Given material:
=== Begin Enclosure ===

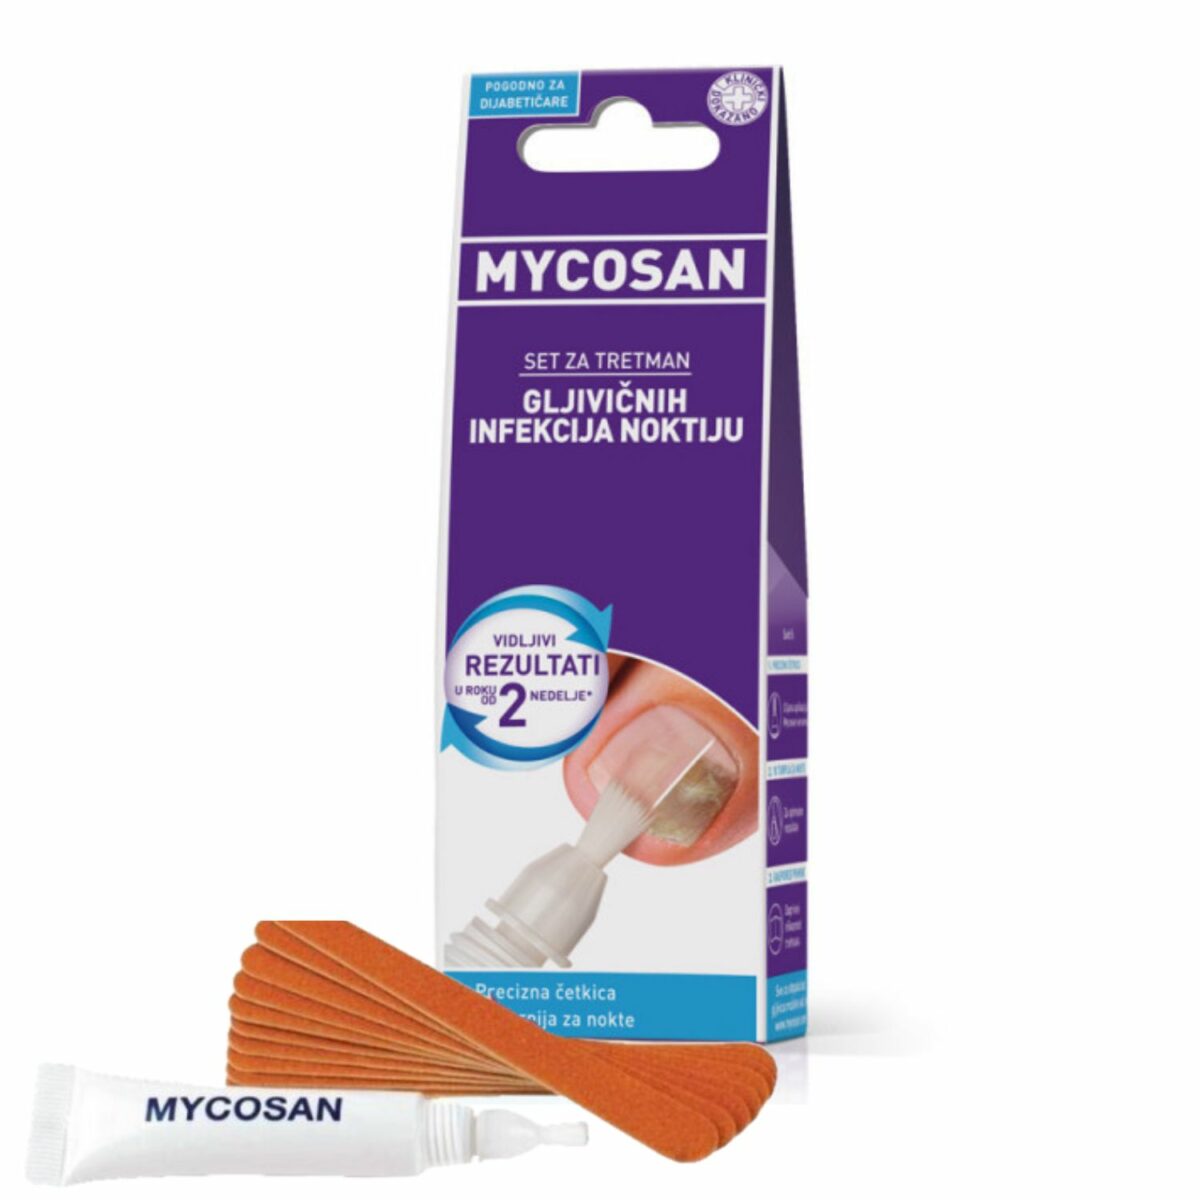 Mycosan set (serum+turpije) 5ml
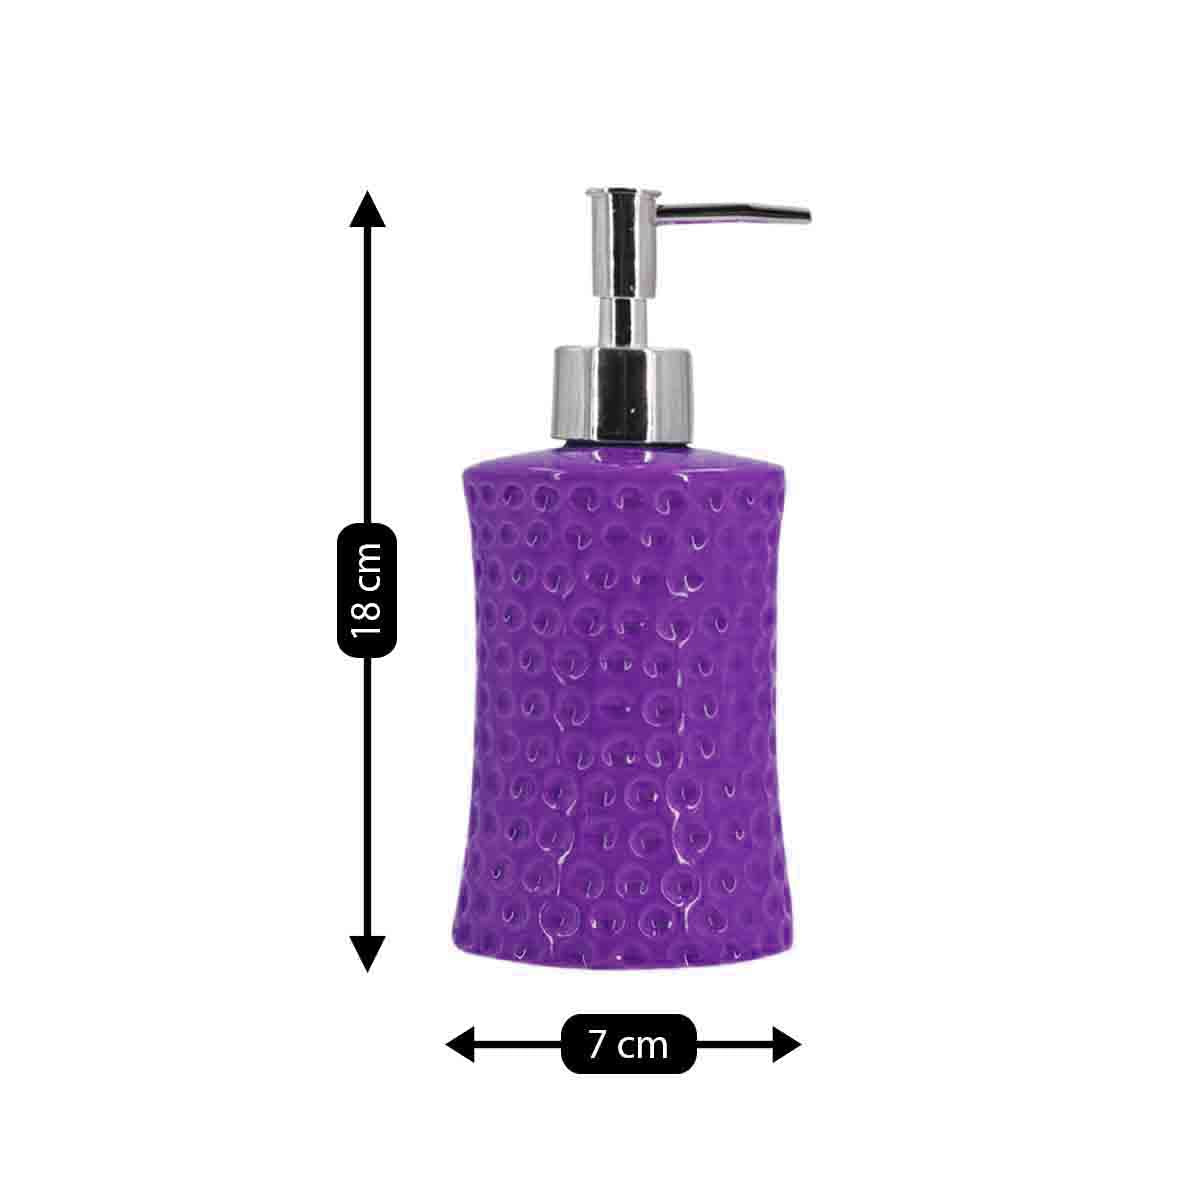 Ceramic Soap Dispenser Pump for Bathroom for Bath Gel, Lotion, Shampoo (8041)
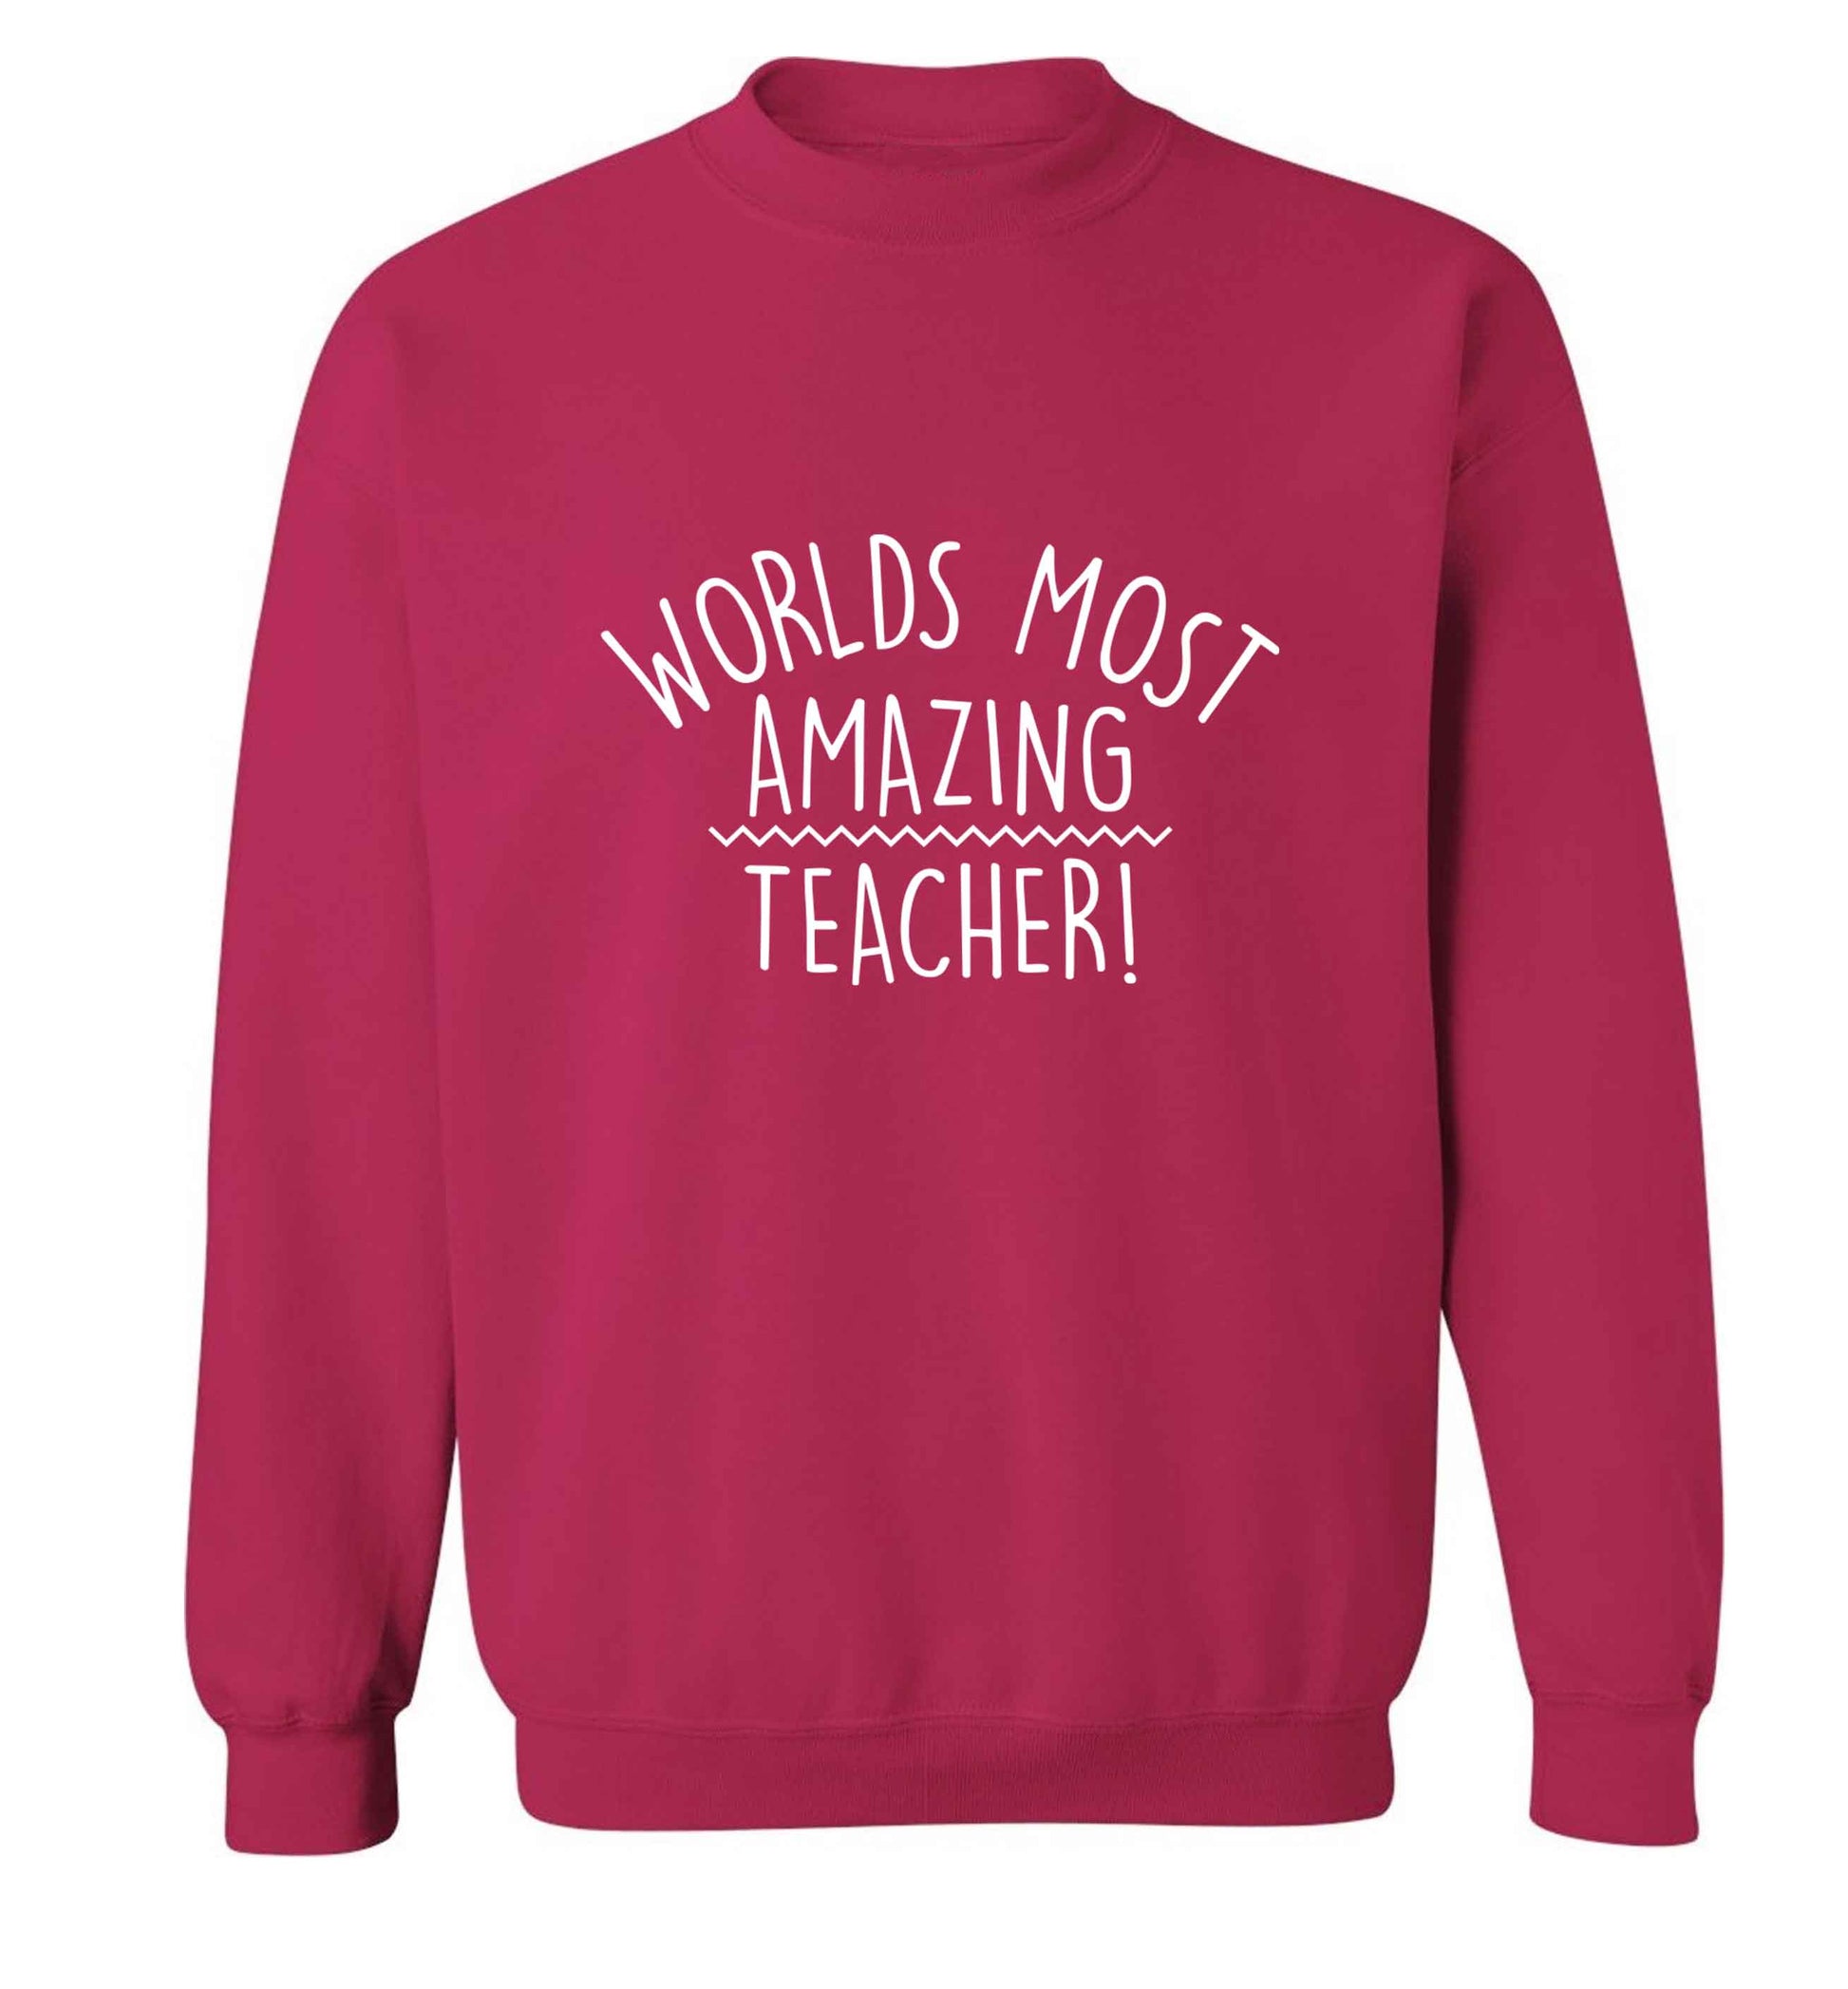 Worlds most amazing teacher adult's unisex pink sweater 2XL

=== End Enclosure ===

The problem:
Set the data above down again exactly as given, with no pictures.

Output for this task:
 Mycosan set (serum+turpije) 5ml
 Ceramic Soap Dispenser Pump for Bathroom for Bath Gel, Lotion, Shampoo (8041)
 Worlds most amazing teacher adult's unisex pink sweater 2XL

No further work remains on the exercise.